## EXERCISE
Retype the whole listing below exactly, keeping every picture out of it.

## SUPPLIED INFORMATION
:::::

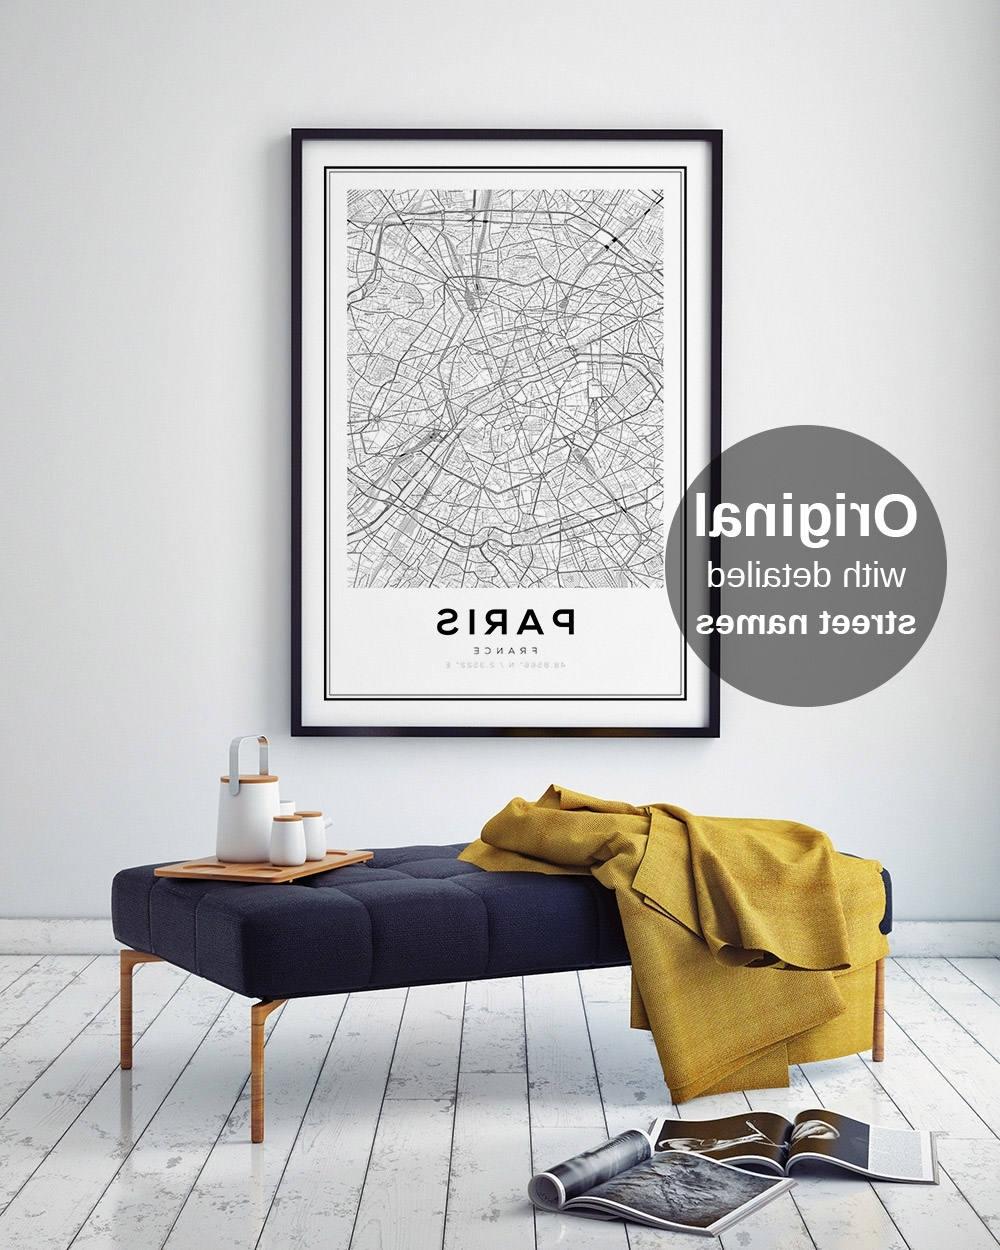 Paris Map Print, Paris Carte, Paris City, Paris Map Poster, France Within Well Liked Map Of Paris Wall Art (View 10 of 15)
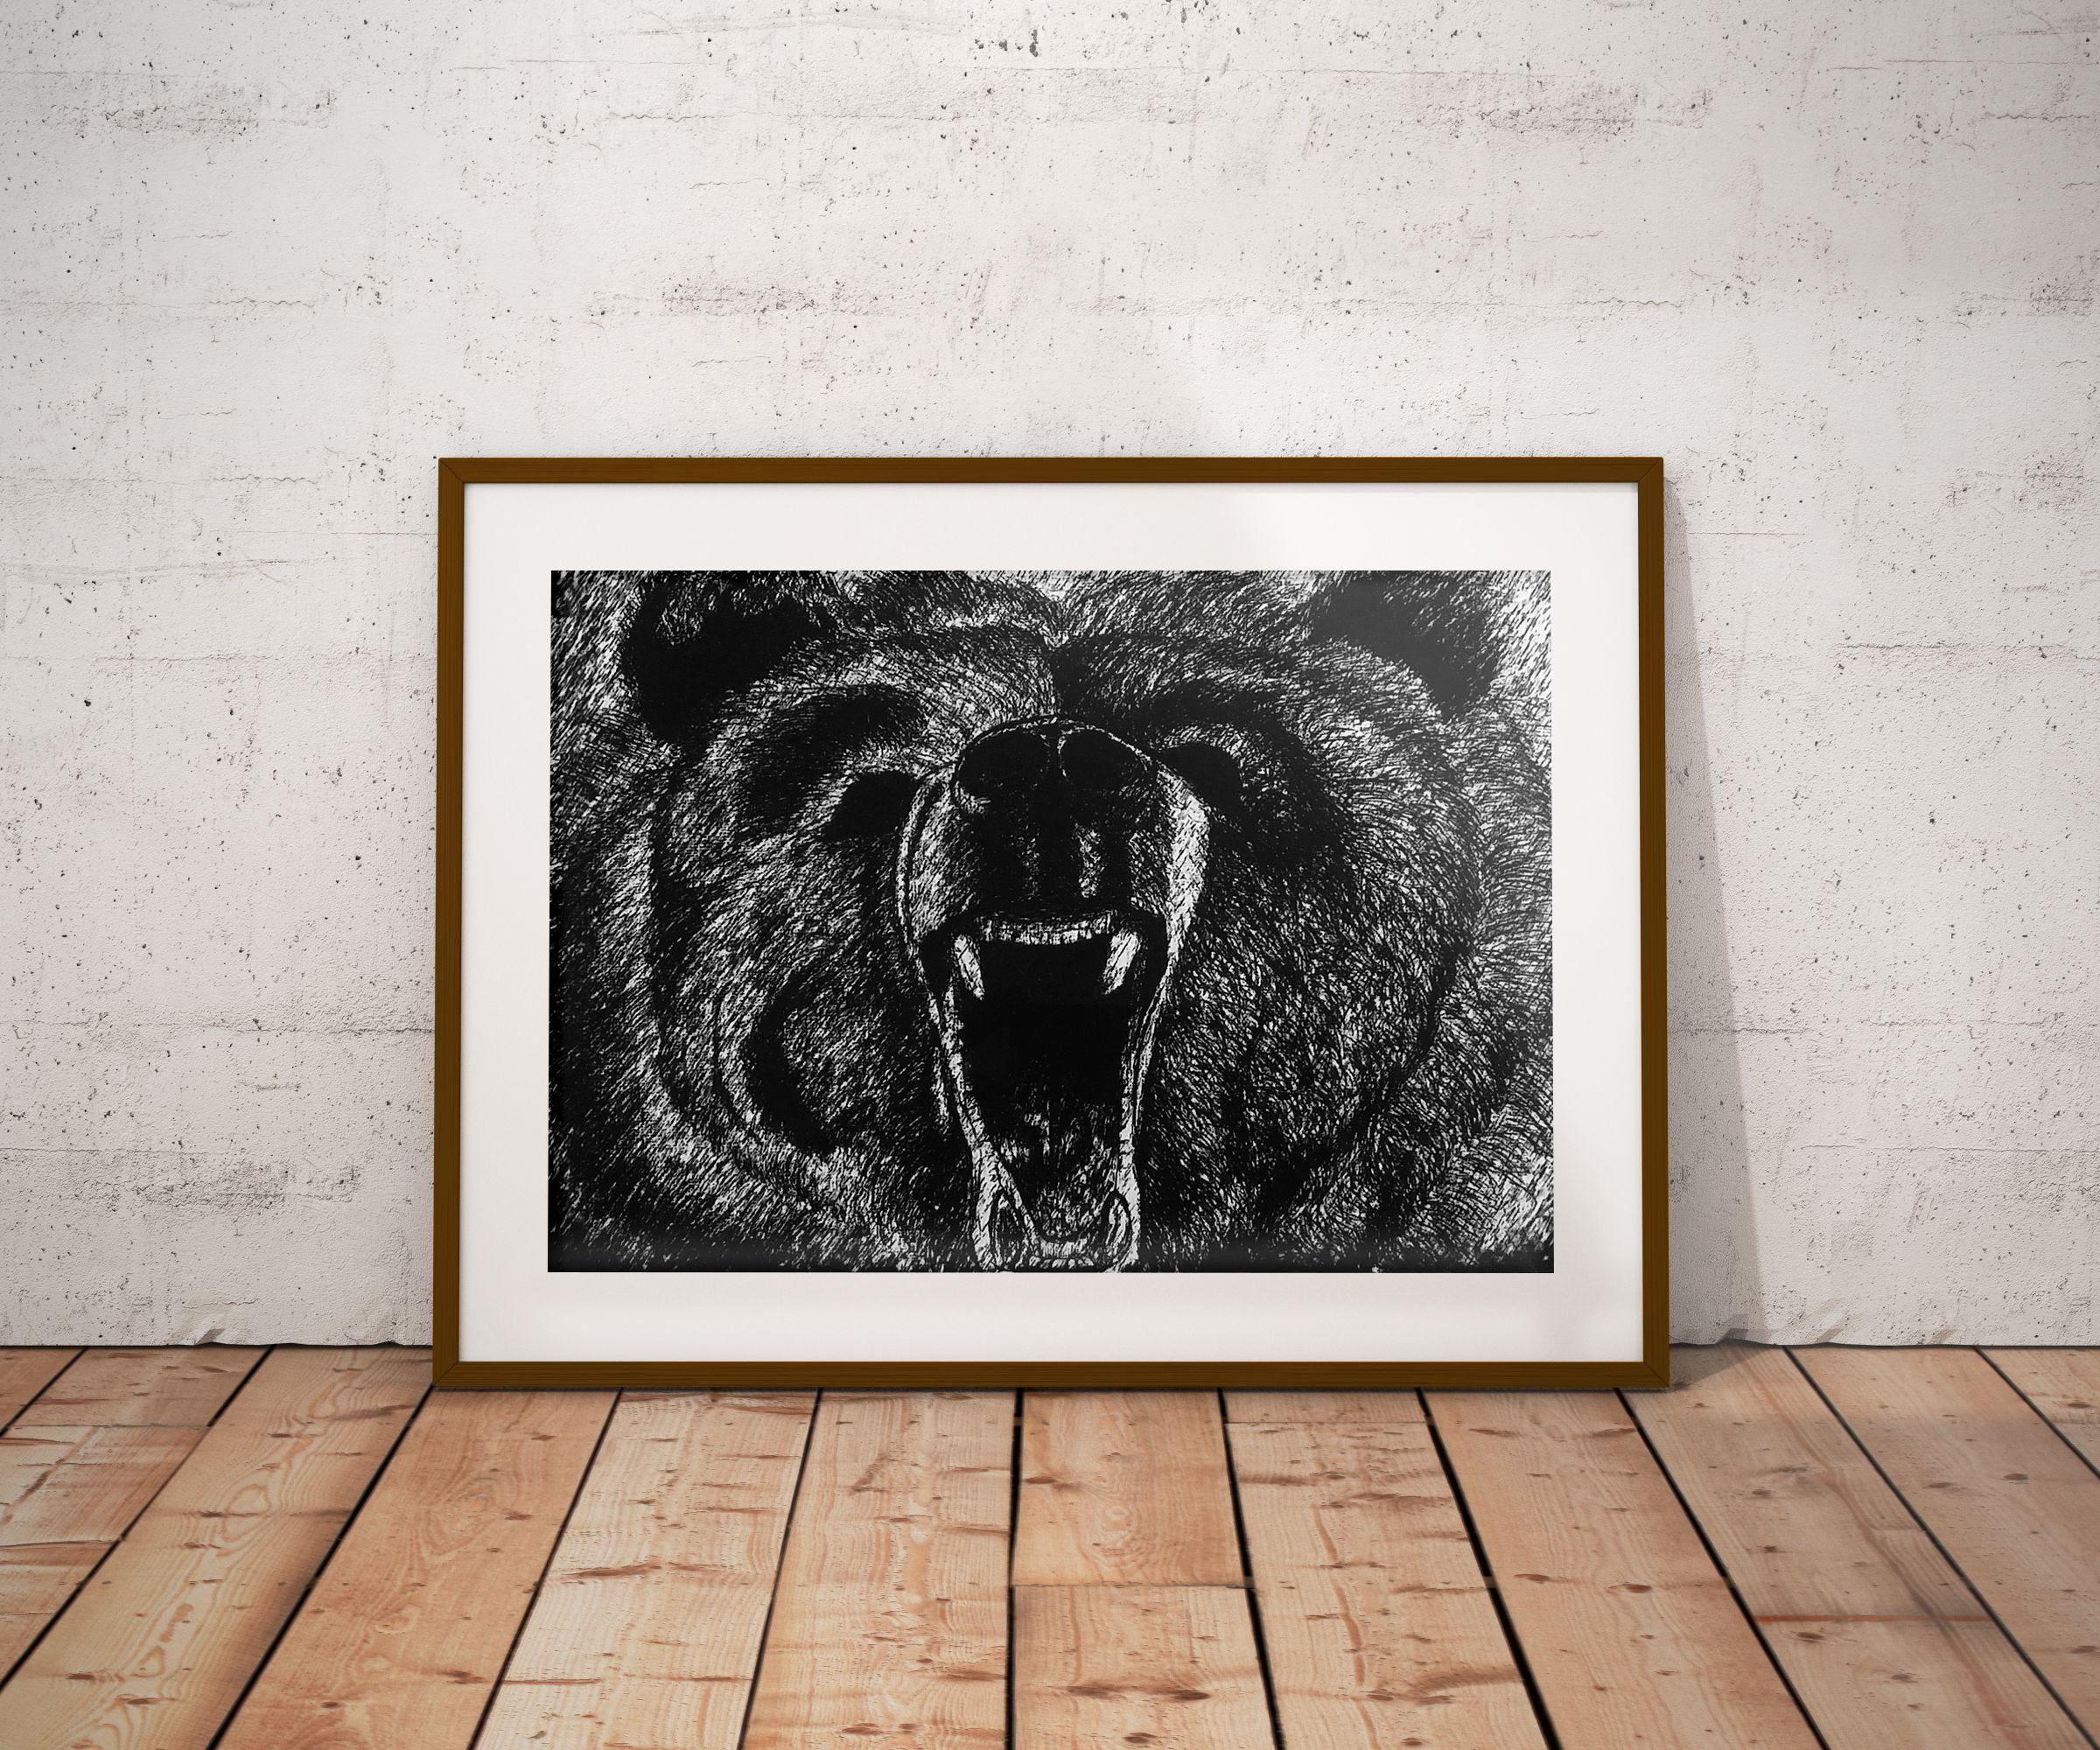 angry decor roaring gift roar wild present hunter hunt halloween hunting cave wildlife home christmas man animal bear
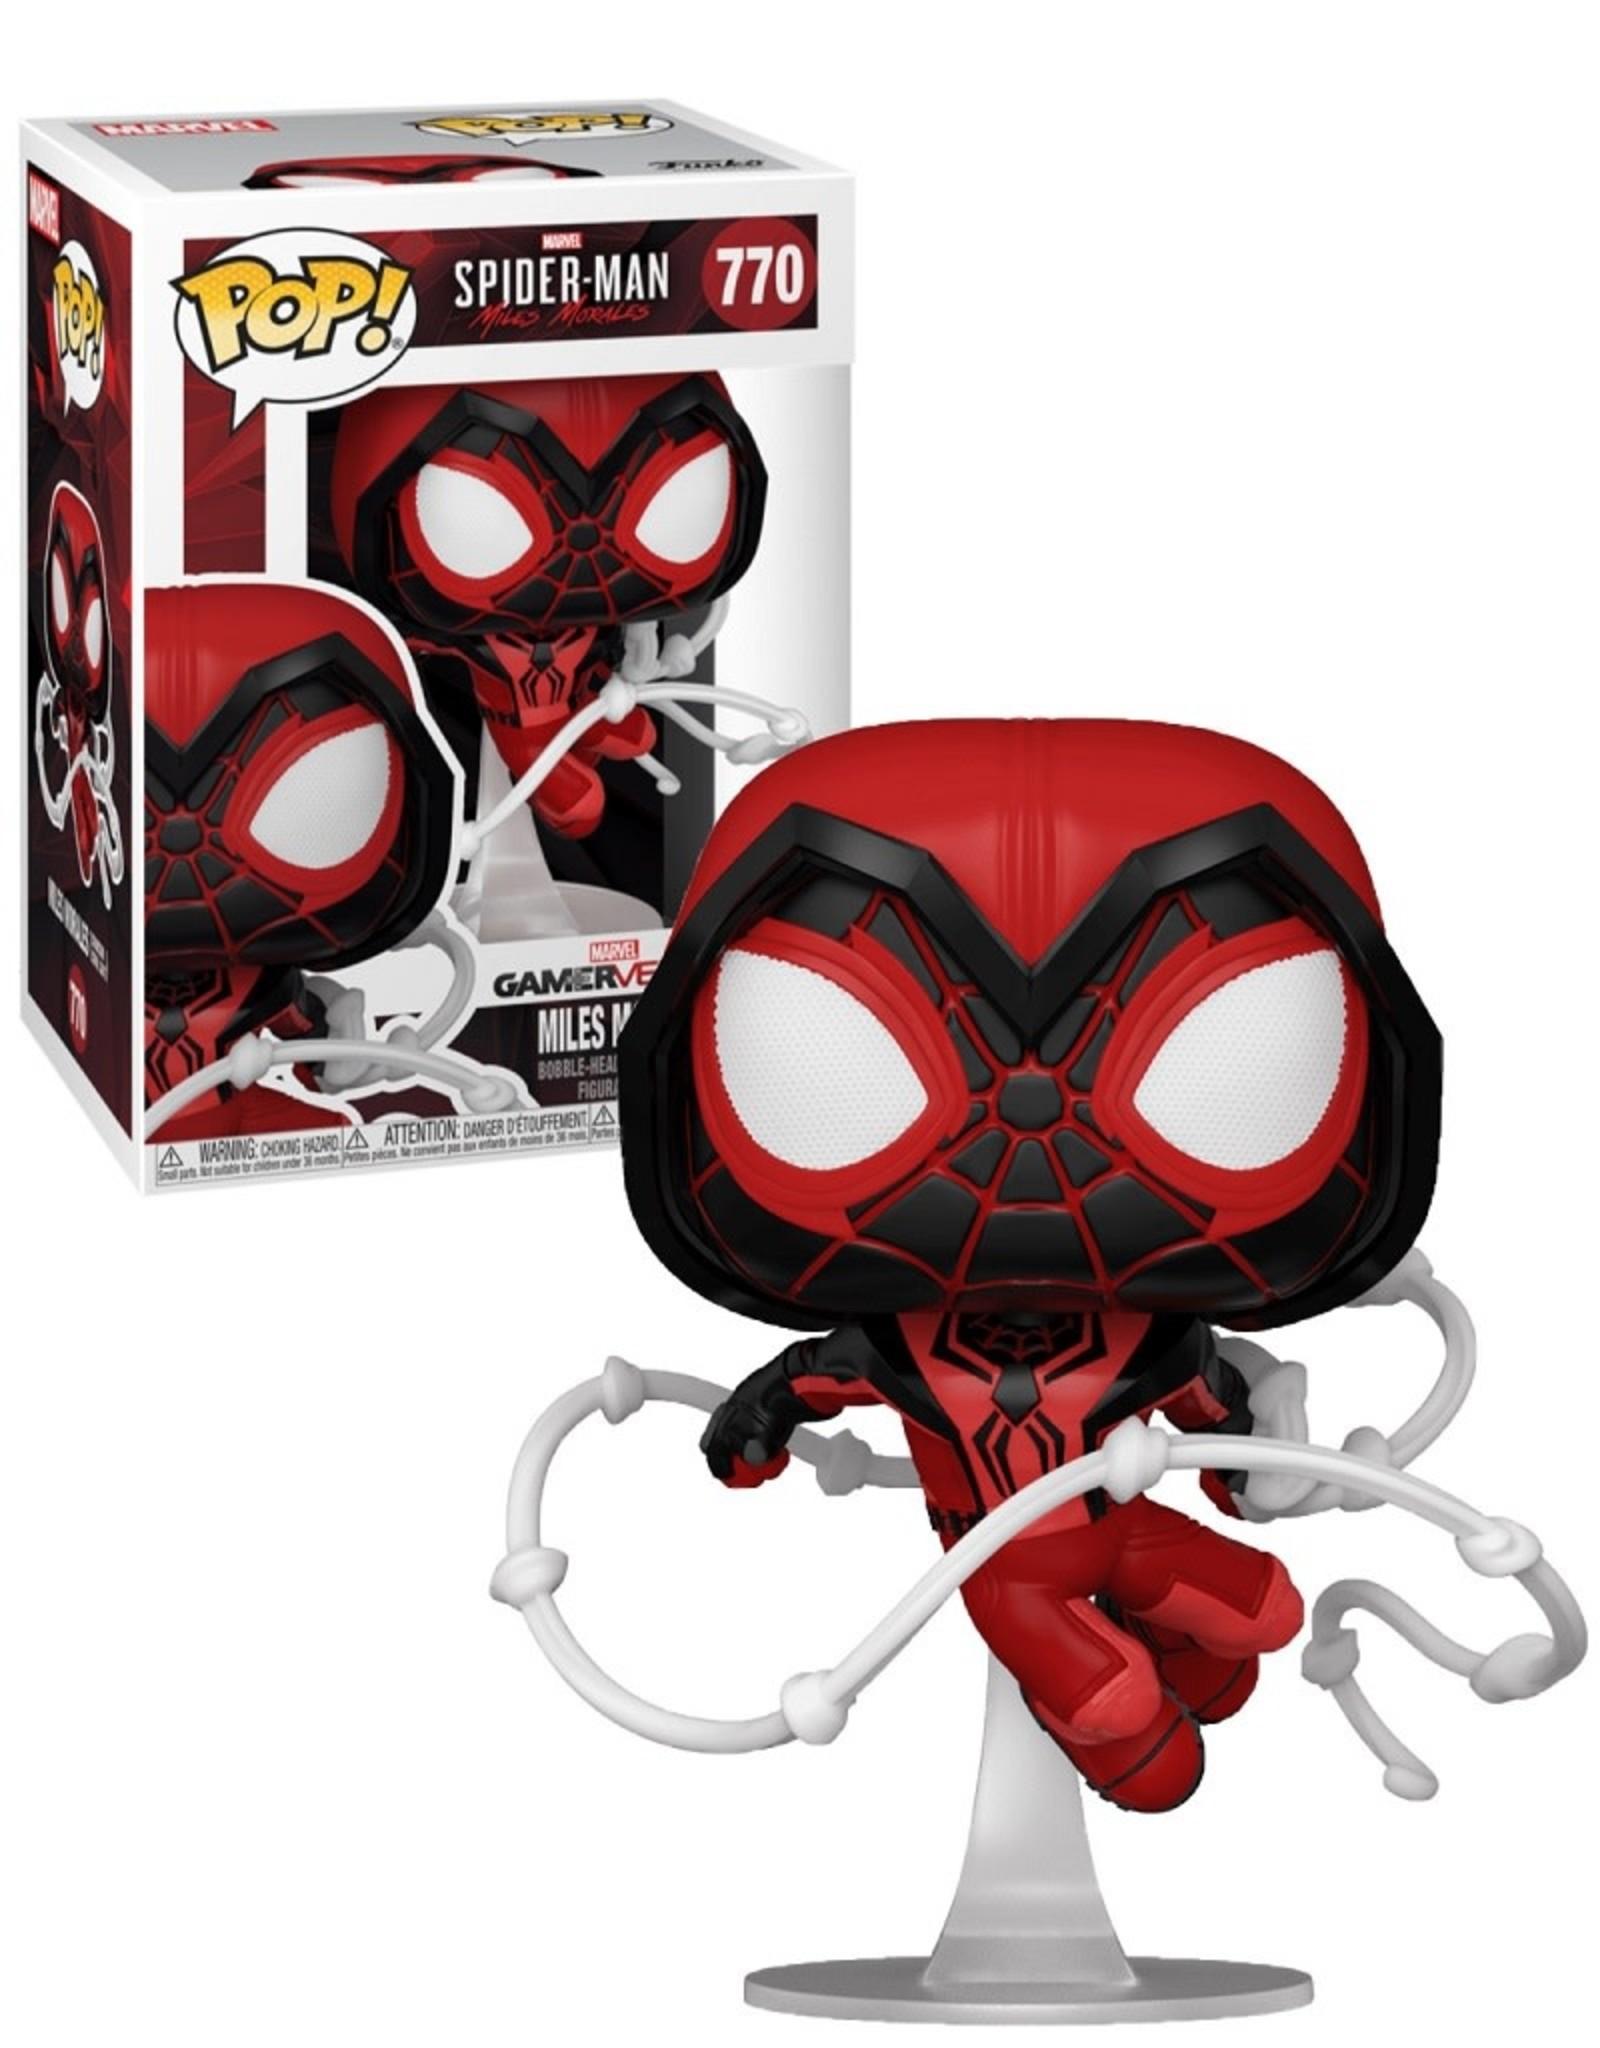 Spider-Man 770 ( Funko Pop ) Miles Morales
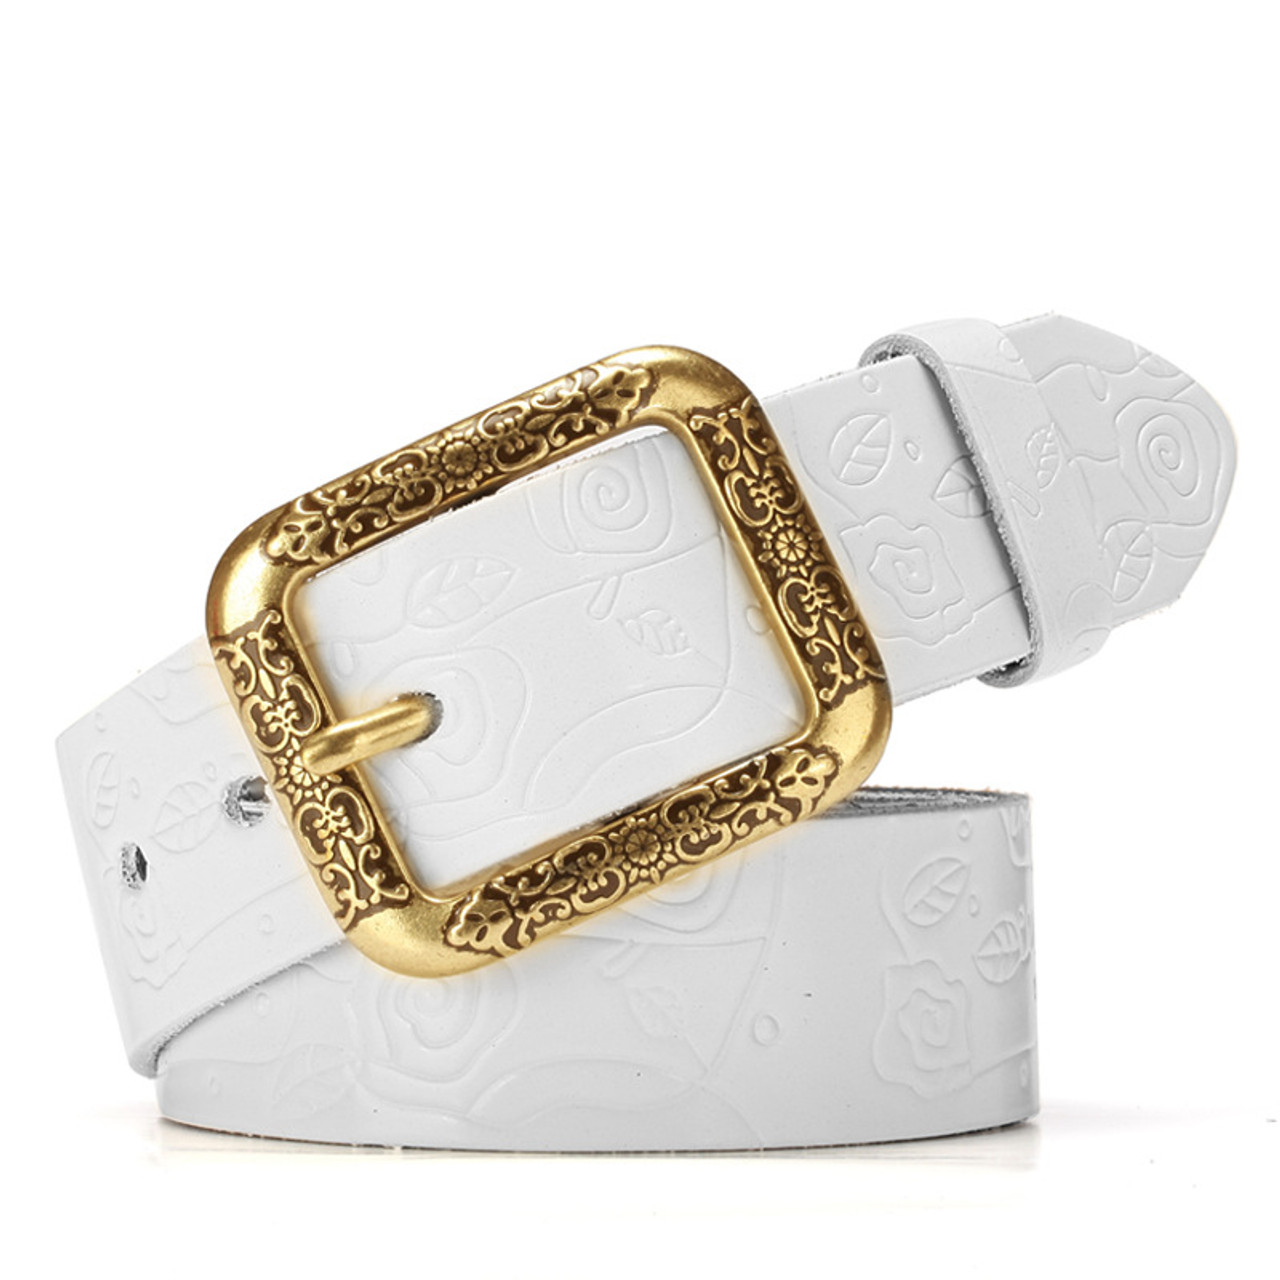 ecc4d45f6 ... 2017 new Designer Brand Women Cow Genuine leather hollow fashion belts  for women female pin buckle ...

:::::

## PROBLEM SOLUTION
 Paris Map Print, Paris Carte, Paris City, Paris Map Poster, France Within Well Liked Map Of Paris Wall Art (View 10 of 15)
 angry decor roaring gift roar wild present hunter hunt halloween hunting cave wildlife home christmas man animal bear
 Spider-Man 770 ( Funko Pop ) Miles Morales
 ecc4d45f6 ... 2017 new Designer Brand Women Cow Genuine leather hollow fashion belts  for women female pin buckle ...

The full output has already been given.